- _Supplied data_:
◇ ◇ ◇
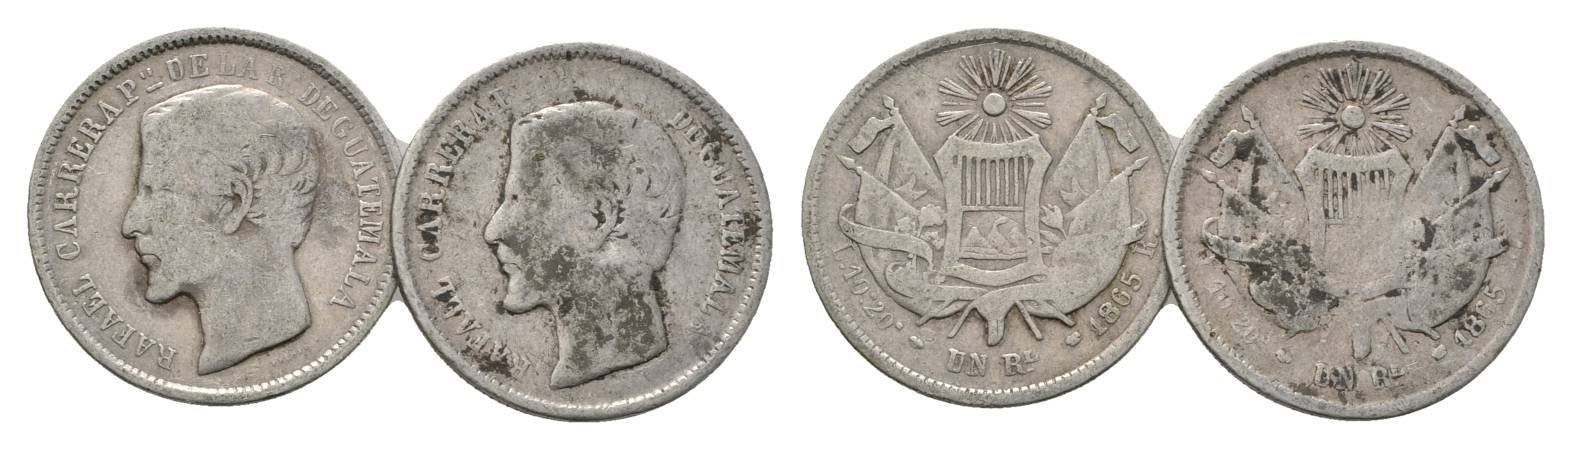  Guatemala, 1 Real 1865   
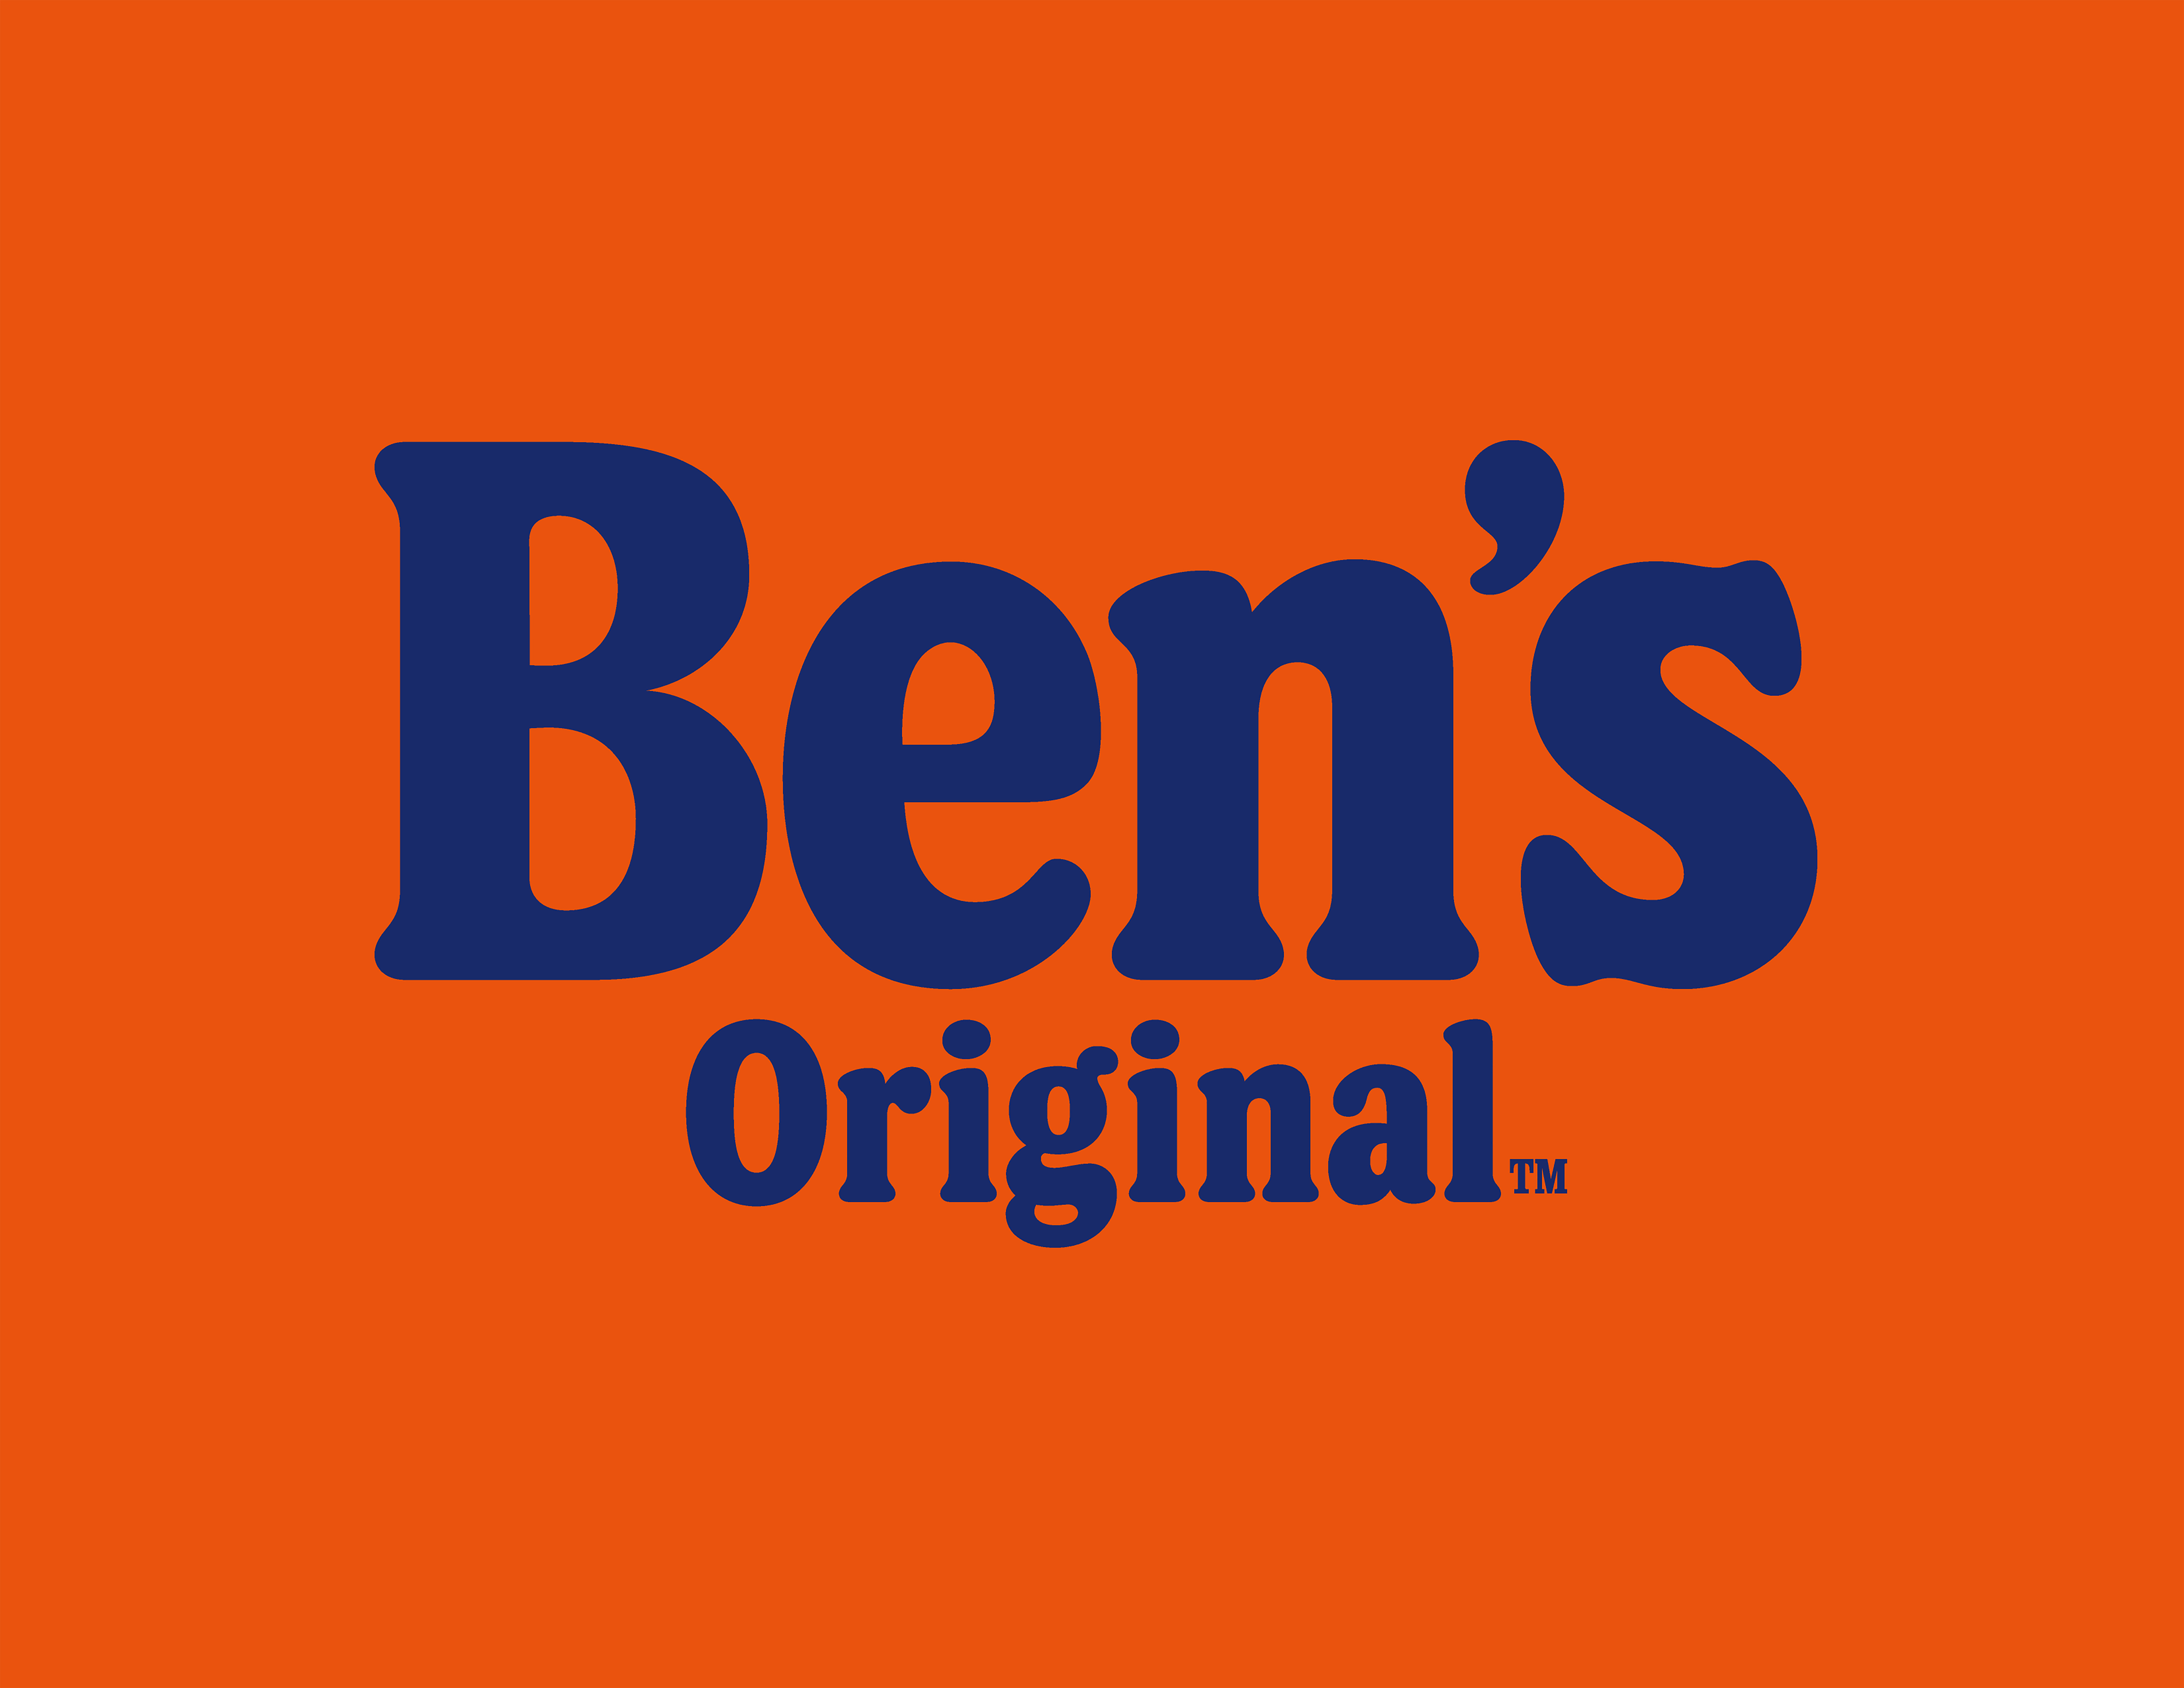 The new logo/name of Ben’s Original
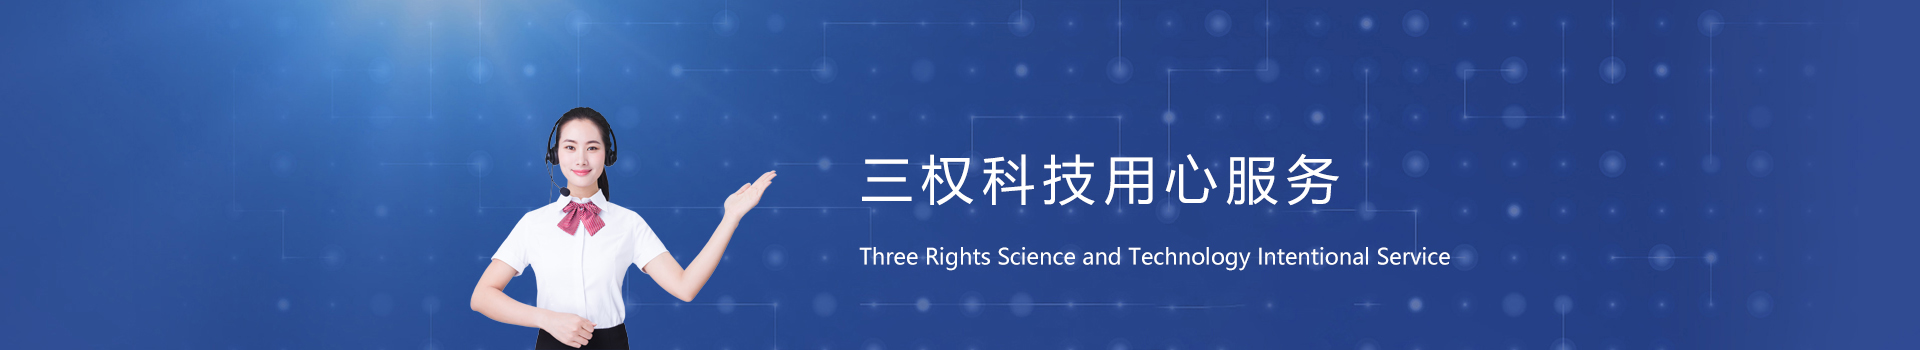 重庆三权科技发展有限公司
◇ ◇ ◇
- _What is being asked_:
Repeat the lines above exactly, and keep every picture out.

- _Exercise answer_:
  Guatemala, 1 Real 1865   
 The new logo/name of Ben’s Original
 重庆三权科技发展有限公司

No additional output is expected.